Cycle spokes for needles
In the Shia-dominated Zadibal area of downtown Srinagar, the Hussaini Relief Committee, a volunteer organisation, has been hard at work the last few weeks. Founded in 1972, the committee usually holds medical camps before religious festivals and occasions. Traditionally, they are busiest on Ashura, the 10th day of Muharram, the month of mourning for Shia Muslims. The day is usually marked by self-flagellation rituals.
This year, Ashura was observed on September 10. Like every year, the committee had arranged a medical and blood donation camp that day. “The medical camp is presided over by volunteer doctors and people from other walks of life,” said a volunteer who did not want to be identified. “From immediate medical care to mourners to ensuring water for those taking part in processions, our team of 300 volunteers tries to help everyone.”
This year, volunteers at the camp had to deal with a different sort of injury. On September 7, Jammu and Kashmir government had banned all Muharram processions, even minor ones. According to residents of Zadibal, when mourners tried to defy the restrictions, they were showered with pellets.
“Muharram processions in Kashmir have been banned for decades,” said the volunteer., “But this year, the government didn’t even allow small processions within the interiors of our locality.
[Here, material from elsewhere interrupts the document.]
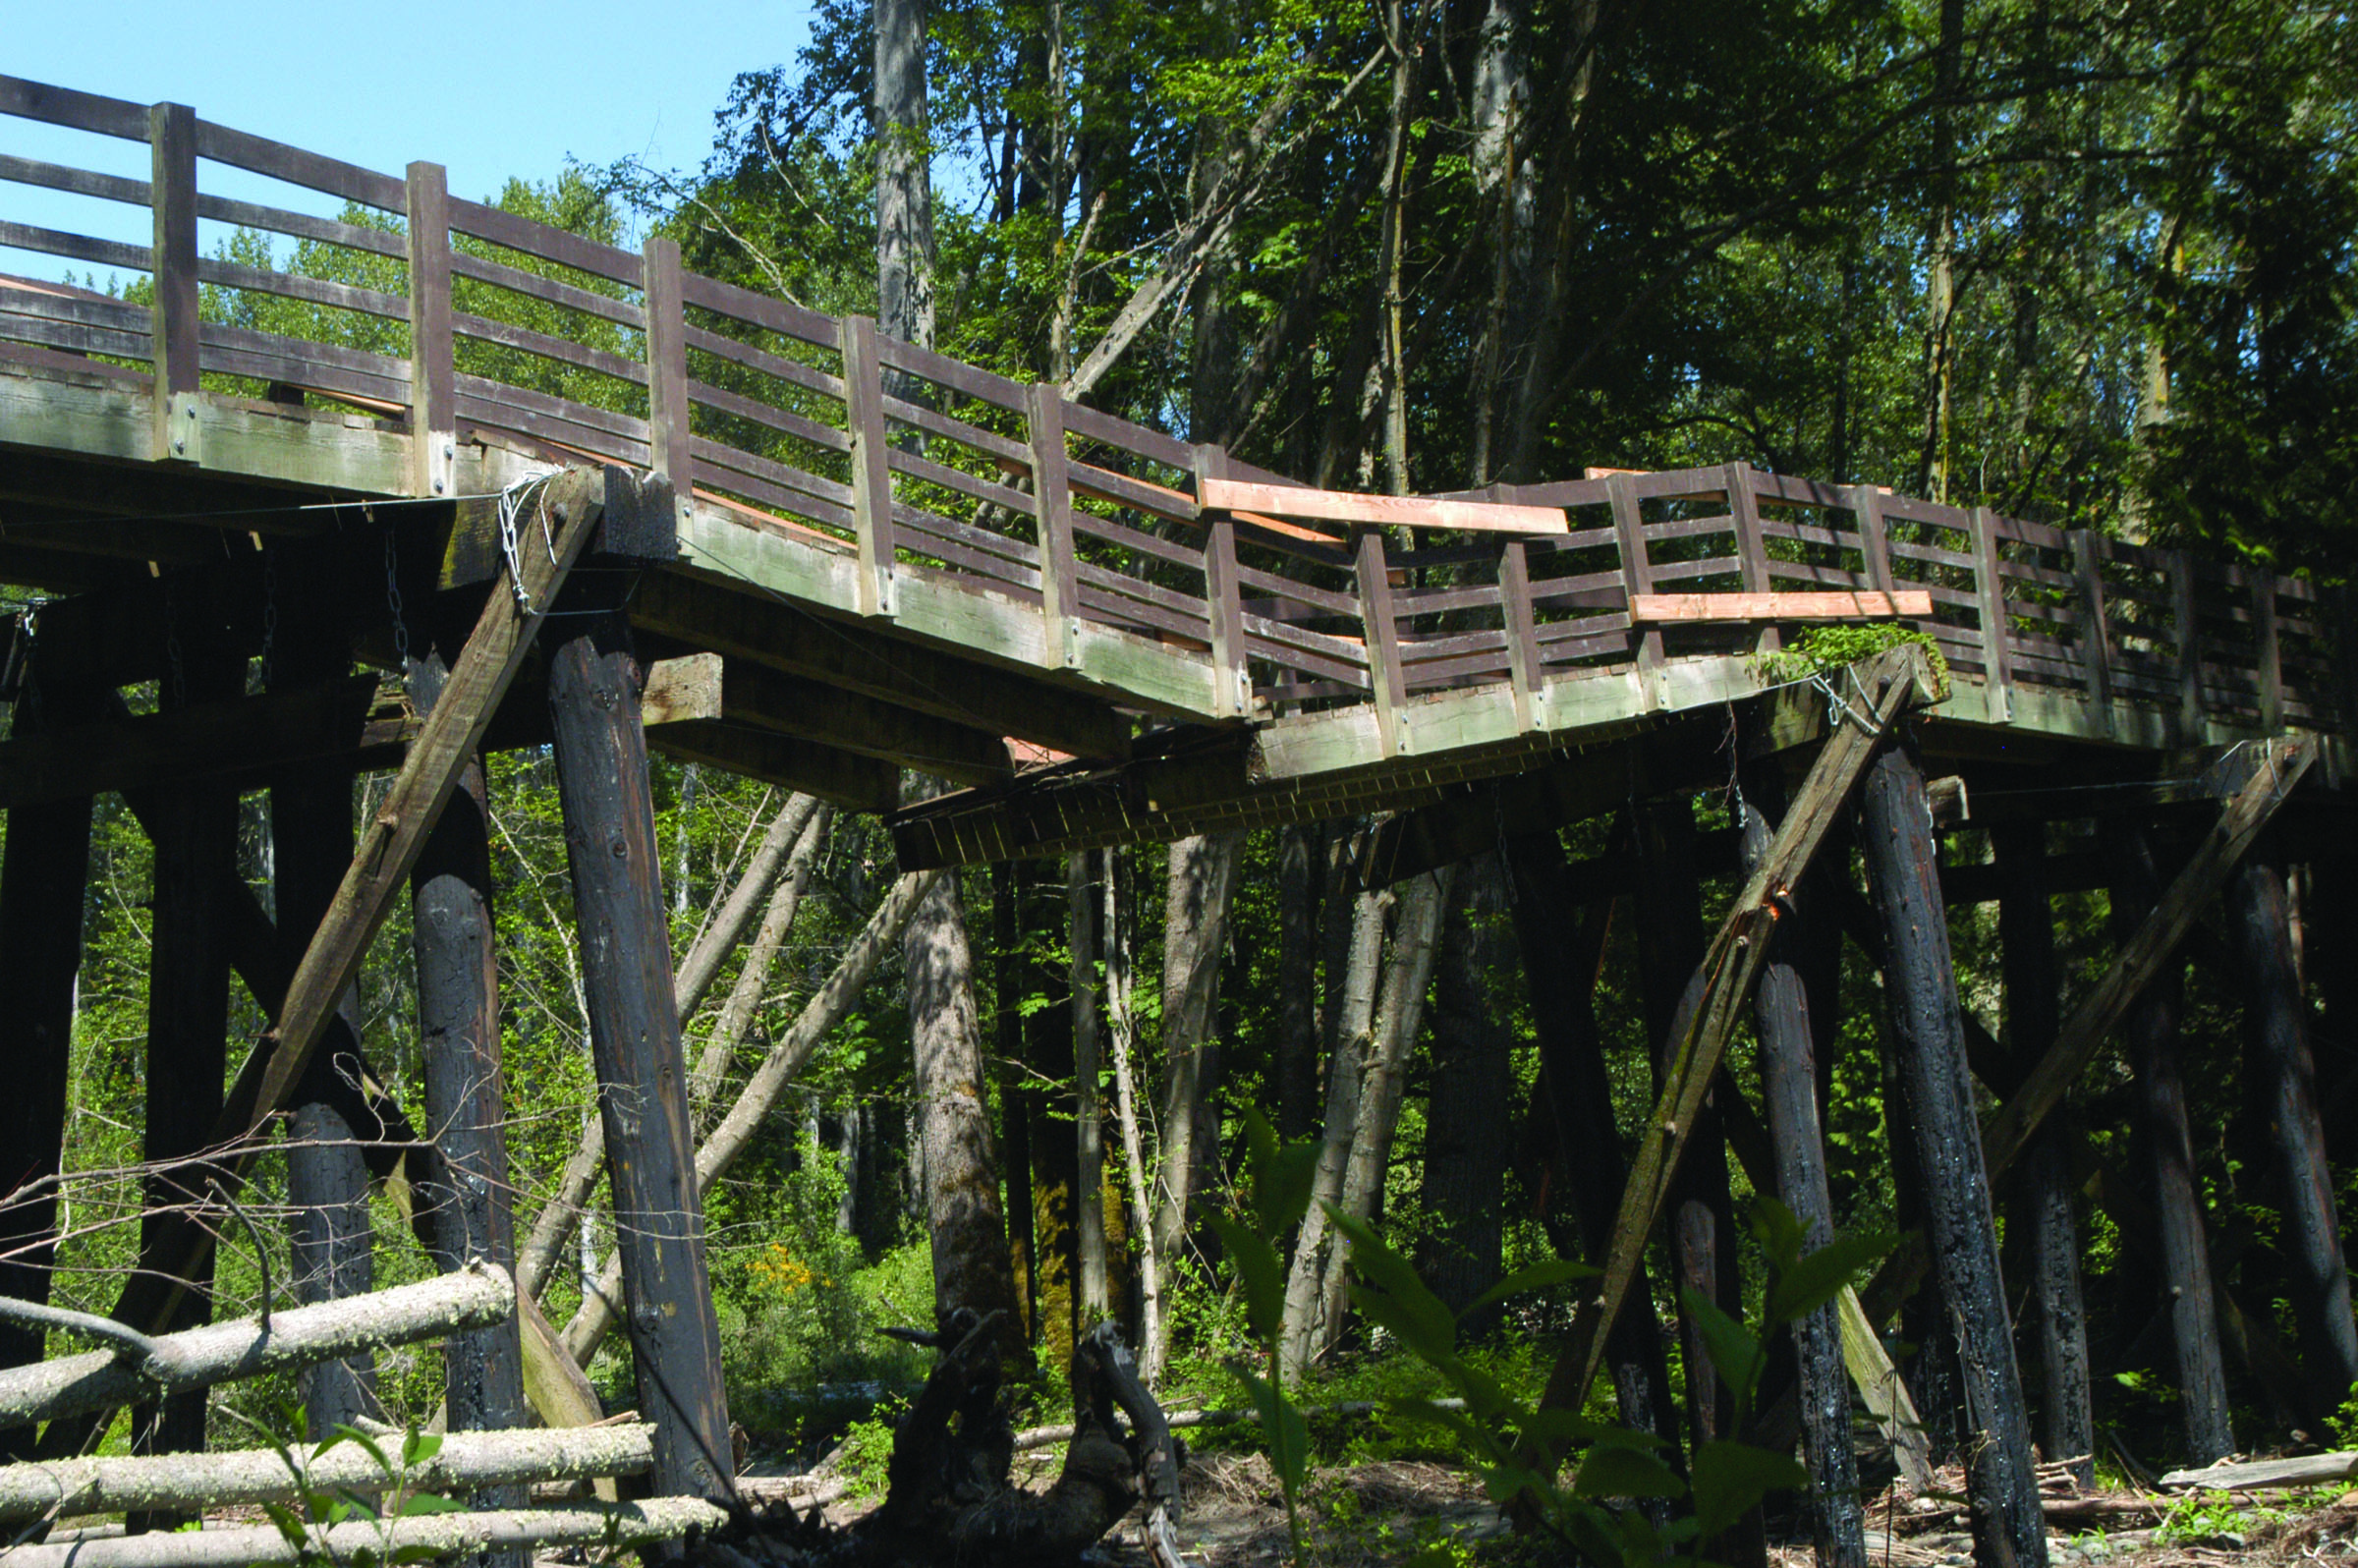 The Jamestown S'Klallam tribe is moving forward with plans to repair Railroad Bridge over the Dungeness River. (Chris McDaniel/Peninsula Daily News)

Instead, they fired pellets on a peaceful procession.”
According to volunteers at the Hussaini Relief Committee, more than 100 patients with pellet injuries turned up at the Zadibal camp on September 10. This included women and aged people, they said. “This never happened even at the height of the militancy in the 1990s,” said the volunteer.
With resources stretched at the Zadibal camp this year, even volunteers with no medical training had to pitch in. “When there was a huge rush of injured, we panicked,” said one volunteer. “Our volunteer doctors were doing their best to give medical attention to the injured but we were totally outnumbered. It was then that I brought the steel spoke of a cycle wheel and beat one side into a point. After that, I heated up the pointed end with a cigarette lighter to sterilise it. I used it to take out pellets from more than a dozen injured.”
According to him, the injured were were scared to go to hospitals because all exits from Zadibal were sealed by the police and CRPF. “If they got hold of an injured person, the police and CRPF personnel would have beaten them up,” he claimed.
A medical warning
While many see no option but to get their wounds treated by amateur pellet removers, doctors in Kashmir warn of the dangers of such treatments – from skin damage to infections to the damage of vital organs.
“Usually, we don’t take out pellets from a patient’s body if he has been hit in the back and legs,” said a senior surgeon at the Shri Maharaja Hari Singh Hospital in Srinagar. “Because that means we have to make as many incisions as there are pellets in the patient’s body. Our priority is to monitor the patient if he’s been hit by pellets around vital organs like the kidneys, intestines or liver. If the pellets have perforated deep into the skin, we monitor the patient to check that they are not affecting the functioning of these vital organs.”
The initial treatment must be followed by a course of antibiotics, he continued. “Since pellets are foreign objects, antibiotics become essential,” the surgeon said. “Normally, we avoid taking out every pellet from the body because the presence of these iron particles inside the skin is not dangerous.”
Human rights activists in Kashmir point out that cutting off the injured from proper medical aid amounts to a violation of international humanitarian laws outlined in the Geneva Conventions.
Every injured person, even if he is a member of an armed group, has the right to medical aid “without any adverse distinction founded on sex, race, nationality, religion, political opinions, or any other similar criteria,” says Article 12 of the 1949 Geneva Conventions. India was among the countries which ratified the conventions.